What is the origin of life? Does it exist on other worlds? These two cosmological questions have captivated human curiosity for as long as we have had the capacity to wonder. These are questions that unify us. For most of our history, our conversations and explorations of these ideas have been imaginative, cultural, and philosophical. They have not been grounded in evidence or testable hypotheses. For most people, questions about our origins or life beyond Earth seem more at home in science fiction books and movies than in academic journals or laboratories. That is changing. With the last decades’ ever-increasing paces of research and knowledge generation in biochemistry, physics, aerospace engineering, planetary science, astronomy, and a host of other fields, these ancient questions that push the limits of our humanity are becoming scientifically tractable and central to the interdisciplinary field of astrobiology. Scientists around the world are on the verge of answering these questions, and many of them are at Georgia Tech.

Many of the world leaders in astrobiology research are Georgia Tech faculty, and recent discoveries by Georgia Tech scientists have raised the possibilities of life on Mars and Europa. Expertise in diverse fields including origins chemistry and planetary science are collected on this Atlanta campus. We seek to bring these researchers together with scholars in the humanities and social sciences into a community that celebrates the work of astrobiologists and shares it with the public in its broader cultural context.

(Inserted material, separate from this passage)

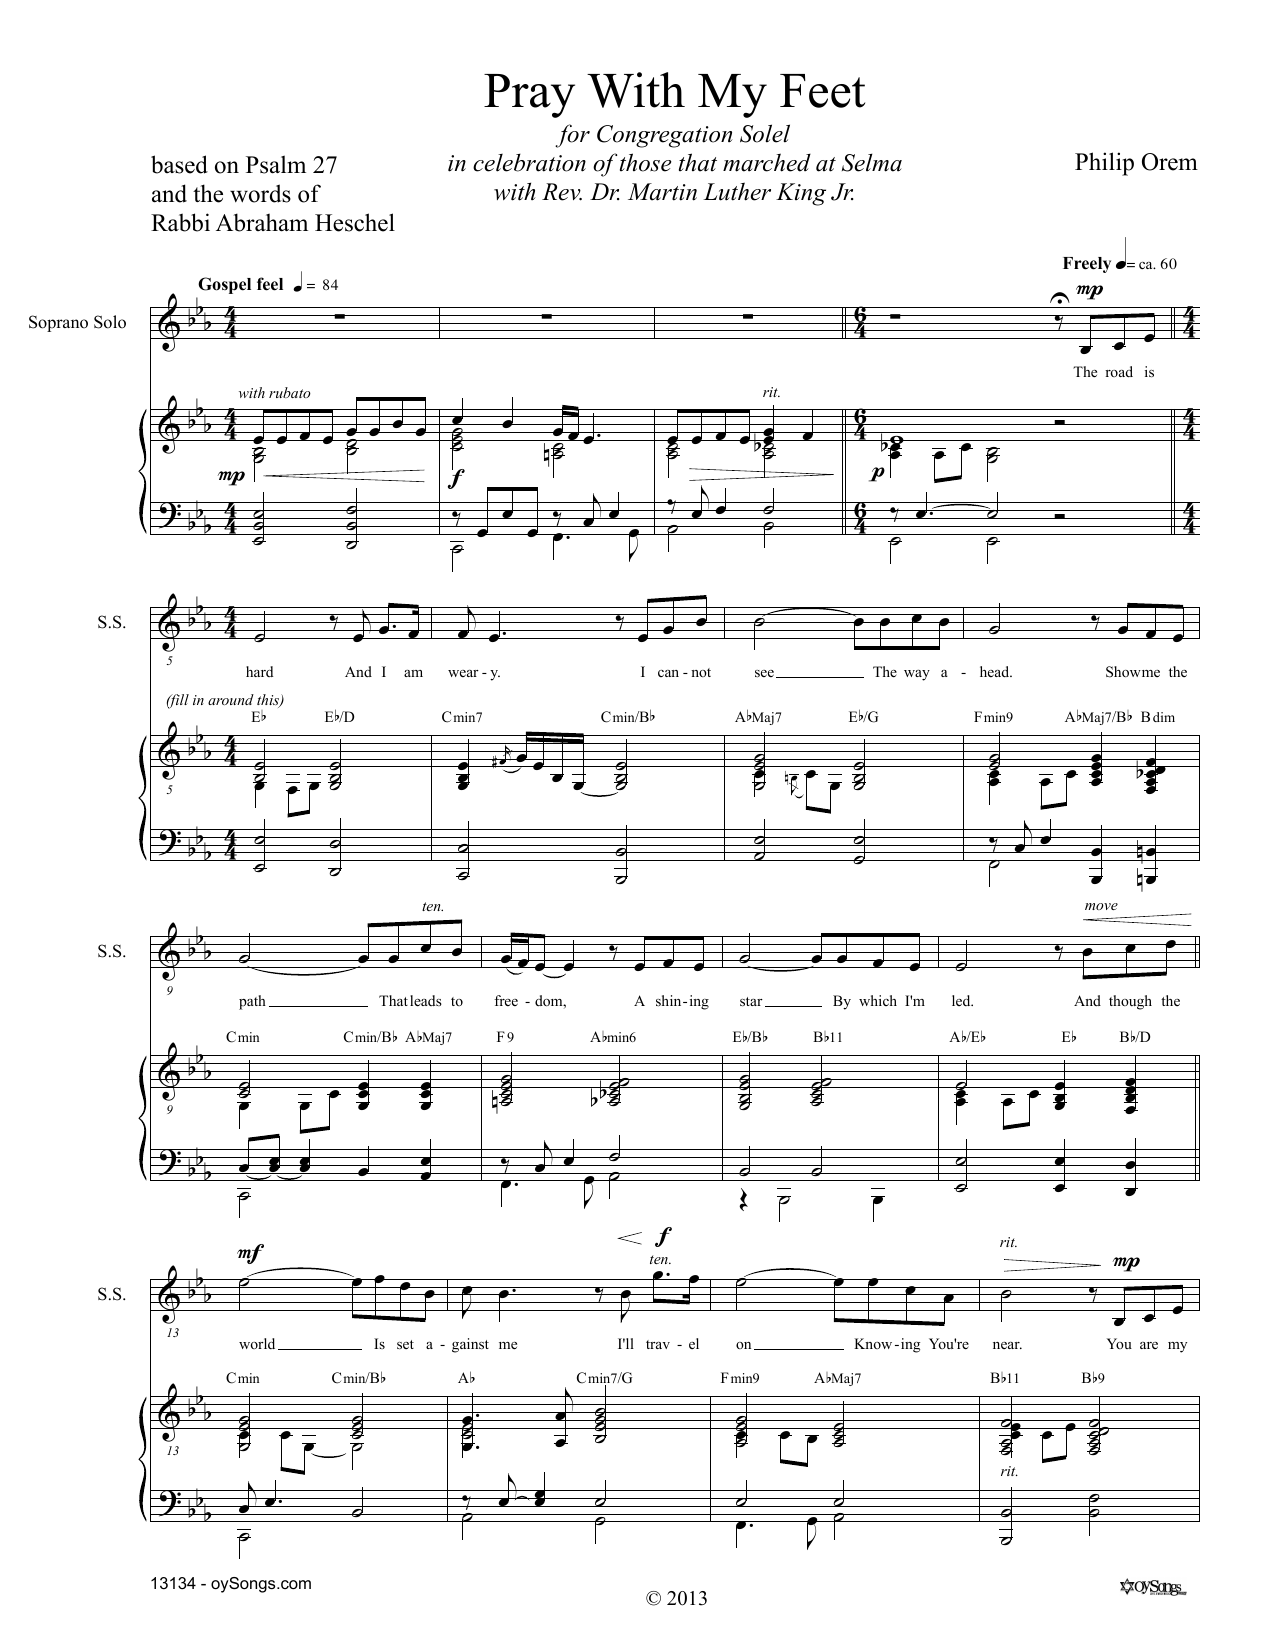 Download Philip Orem Pray With My Feet Sheet Music

When we cast our gaze into the night sky and ask what we might find, we are confronted with out smallness and the limitations of our knowledge; we are confronted with our impermanence. Because of their necessary vision, the most profound optimism is made manifest in the scientific explorations of those looking beyond our planet. These investigations unify us in a sense of smallness and underscore our vulnerability. They compel us not only to keep exploring, but to protect the awesome vitality of the planet Earth.